The strategic uses of so-called identity politics in social and political movements have been much explored by researchers. Identity is often key to such movements: sociologist Rachel L. Einwohner writes that scholars have repeatedly found that “protestors often make strategic decisions about how to present themselves to best advantage in the political arena in order to achieve their goals.”
But what about in extremis, in those repressive contexts where manifestations of identity may not be freely expressed? Where they may, in fact, be death warrants?

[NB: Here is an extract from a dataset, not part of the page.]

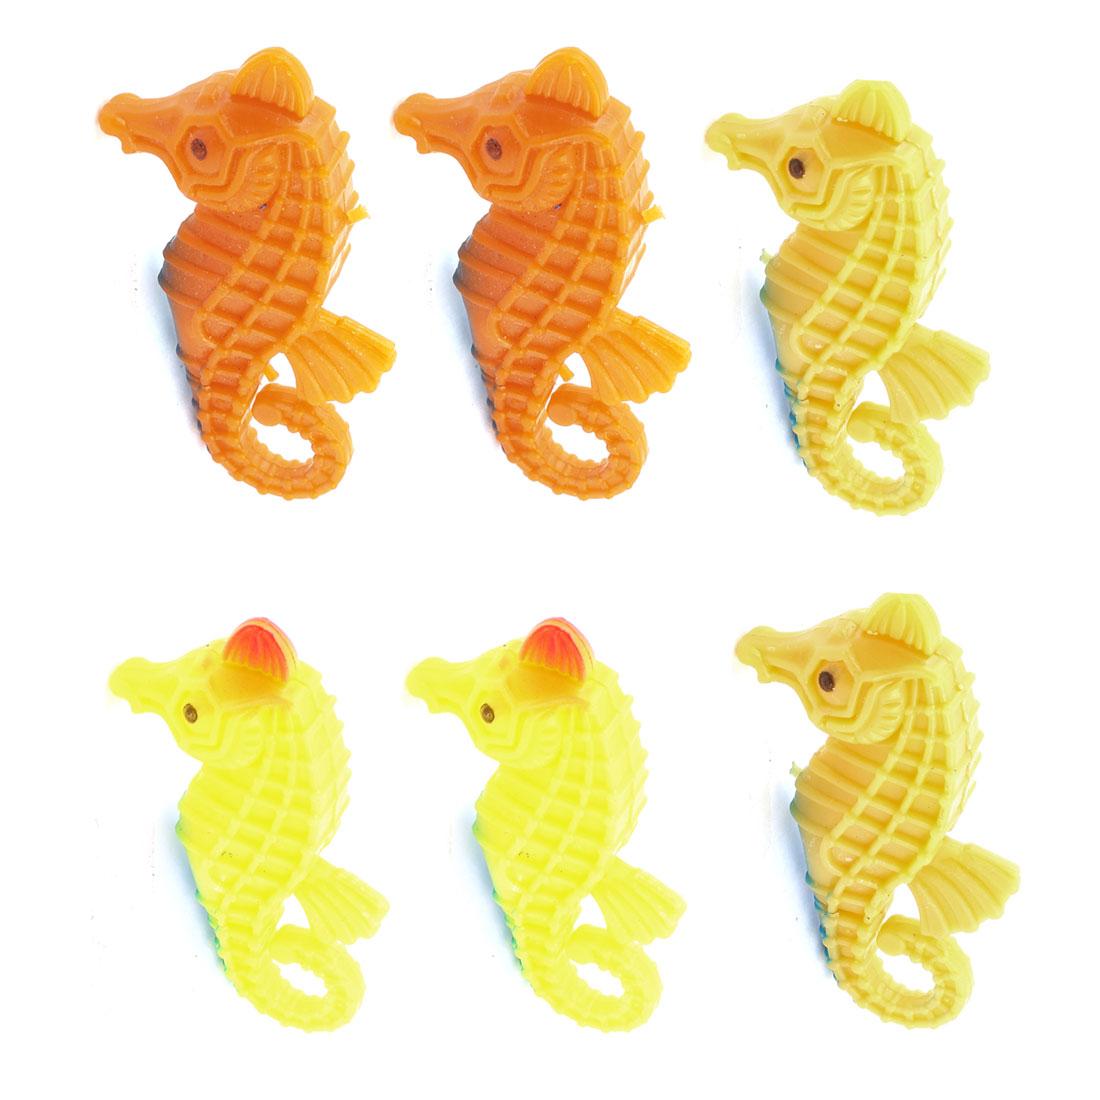 Aquarium Fish Tank Ornament Brown Yellow Orange Artificial Seahorse 6 Pcs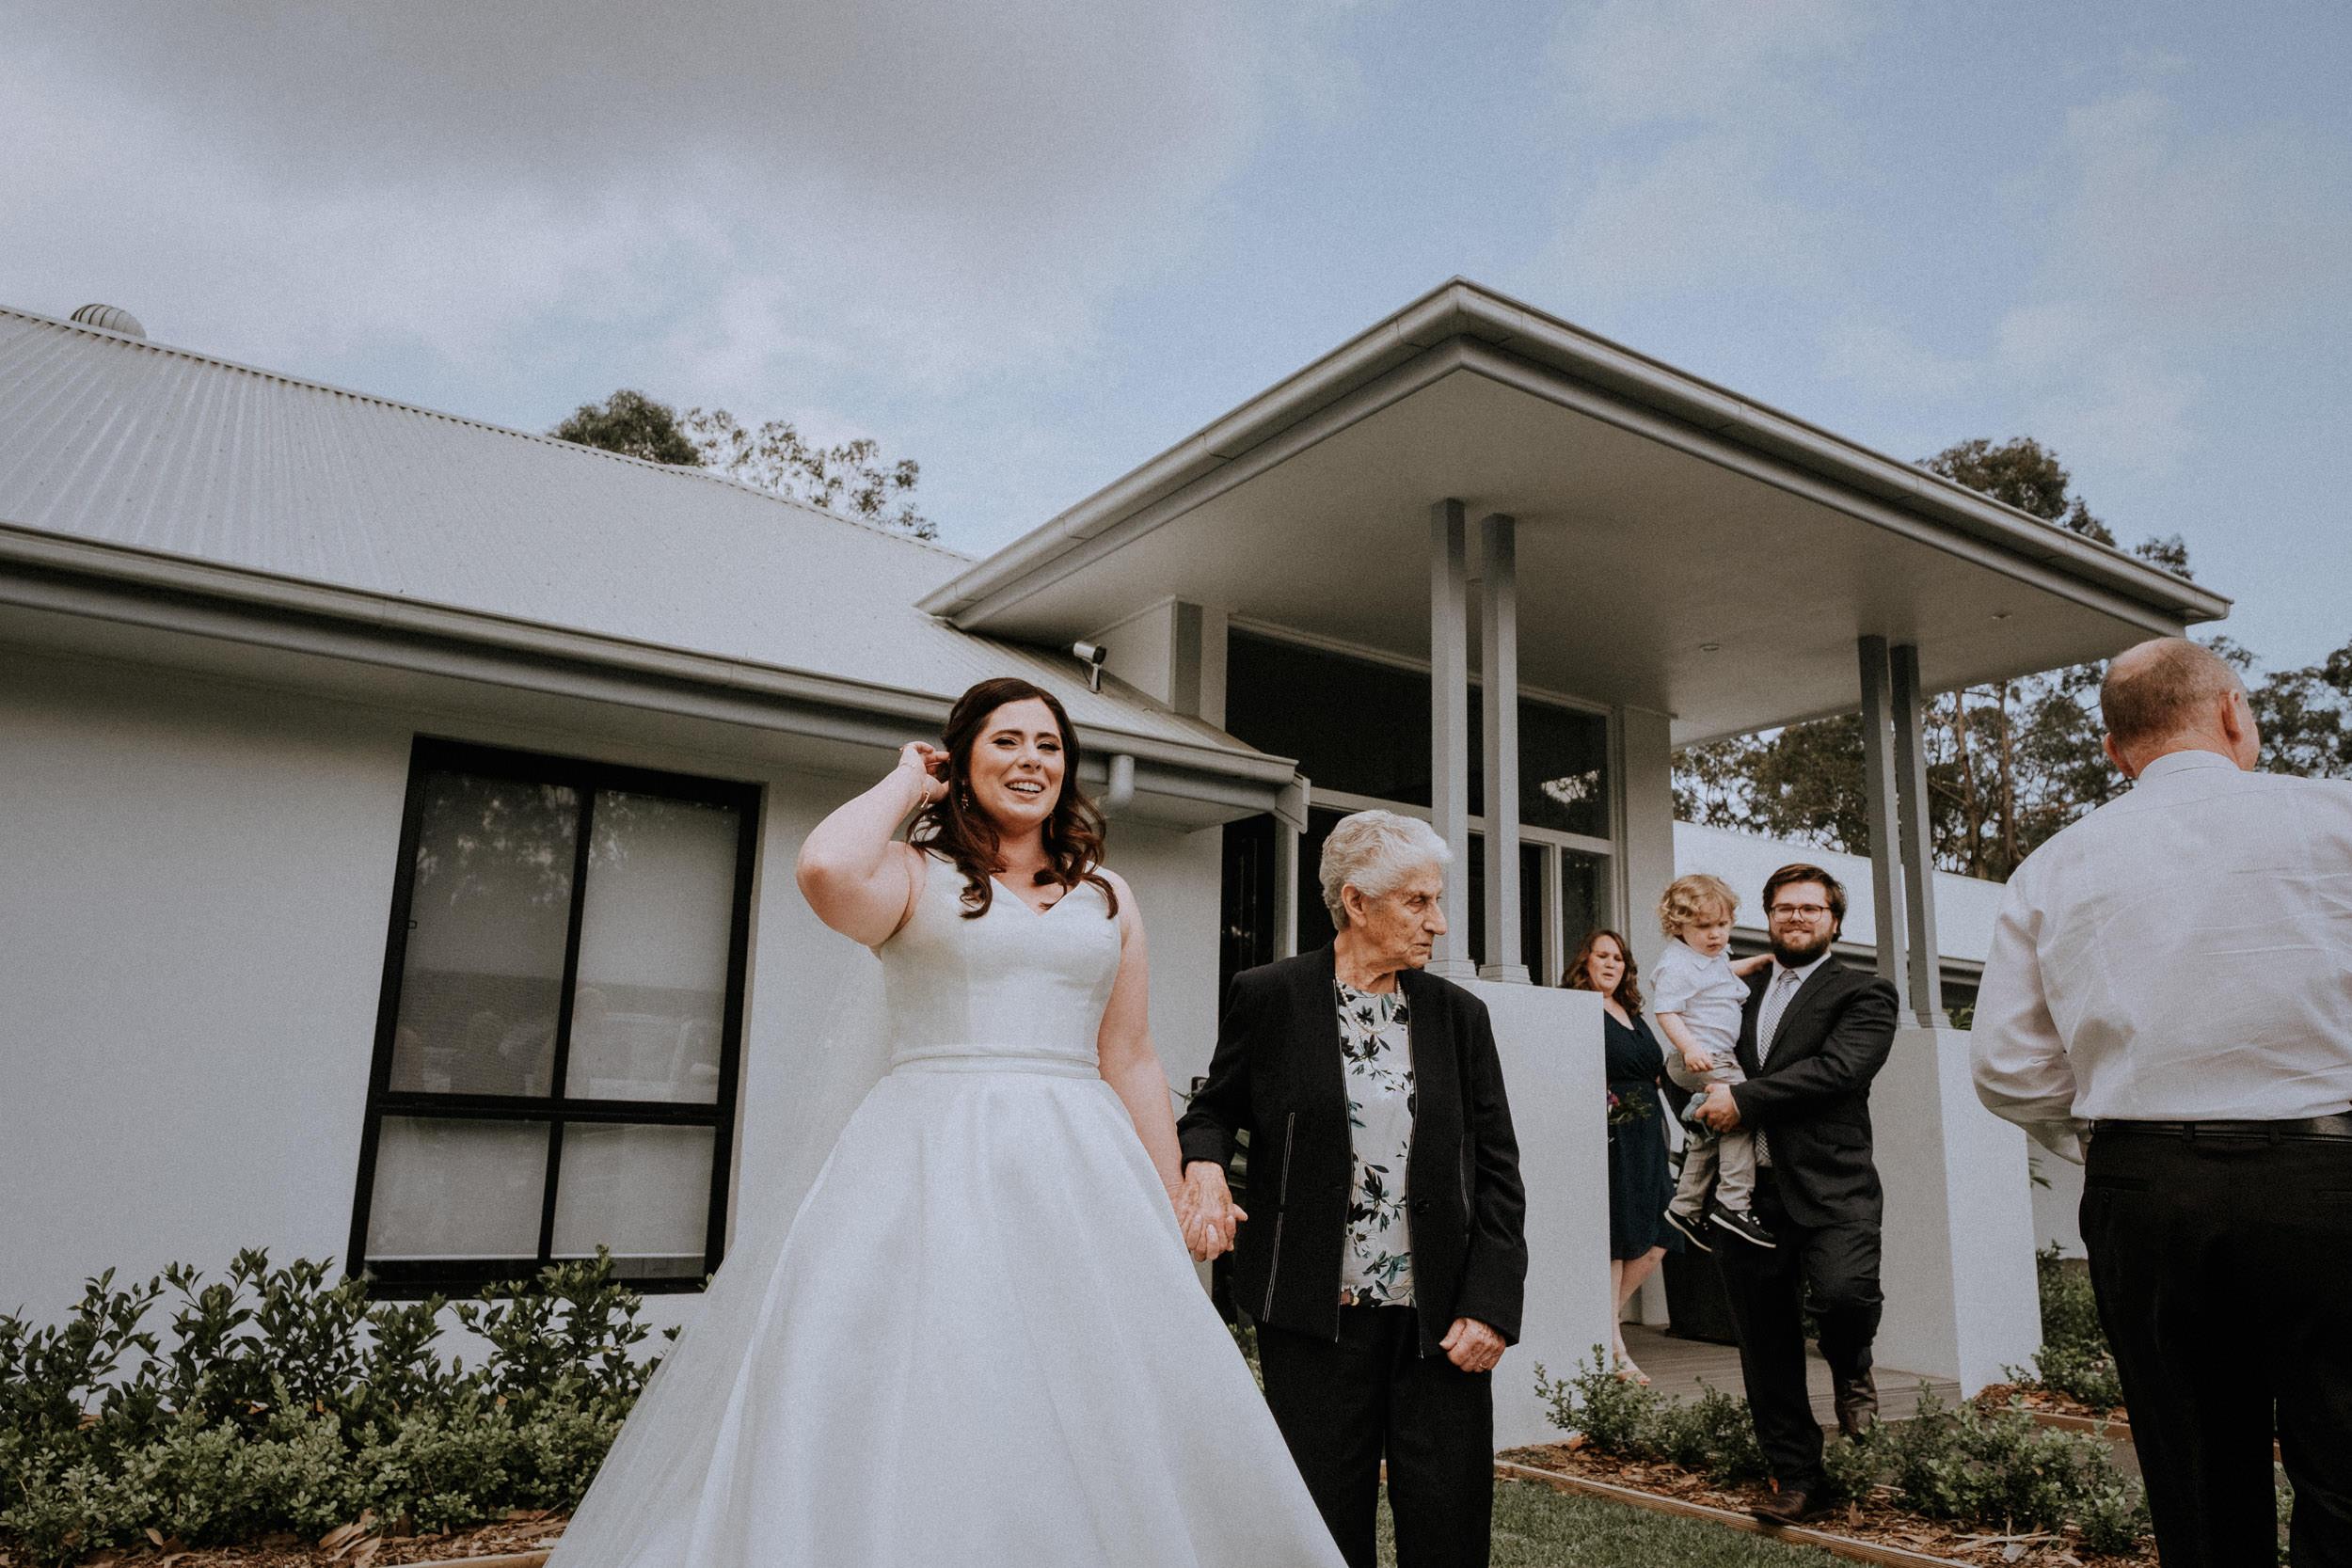 s+j_top_elopement wedding photography_kings & thieves_blog - 140.jpg

This April marks the 75th anniversary of the Warsaw Ghetto uprising. On April 19th, 1943, the Warsaw Ghetto, a square mile in the Polish capital, erupted in armed revolt against the Nazis occupying Poland. The Nazis had been using the walled-in Ghetto to concentrate Warsaw’s Jews and others from the surrounding region. Conditions were lethal, with starvation and disease killing thousands every month during 1941. Beginning in the summer of 1942, Ghetto prisoners started being sent to the death camp at Treblinka. And by then they knew they were heading for death.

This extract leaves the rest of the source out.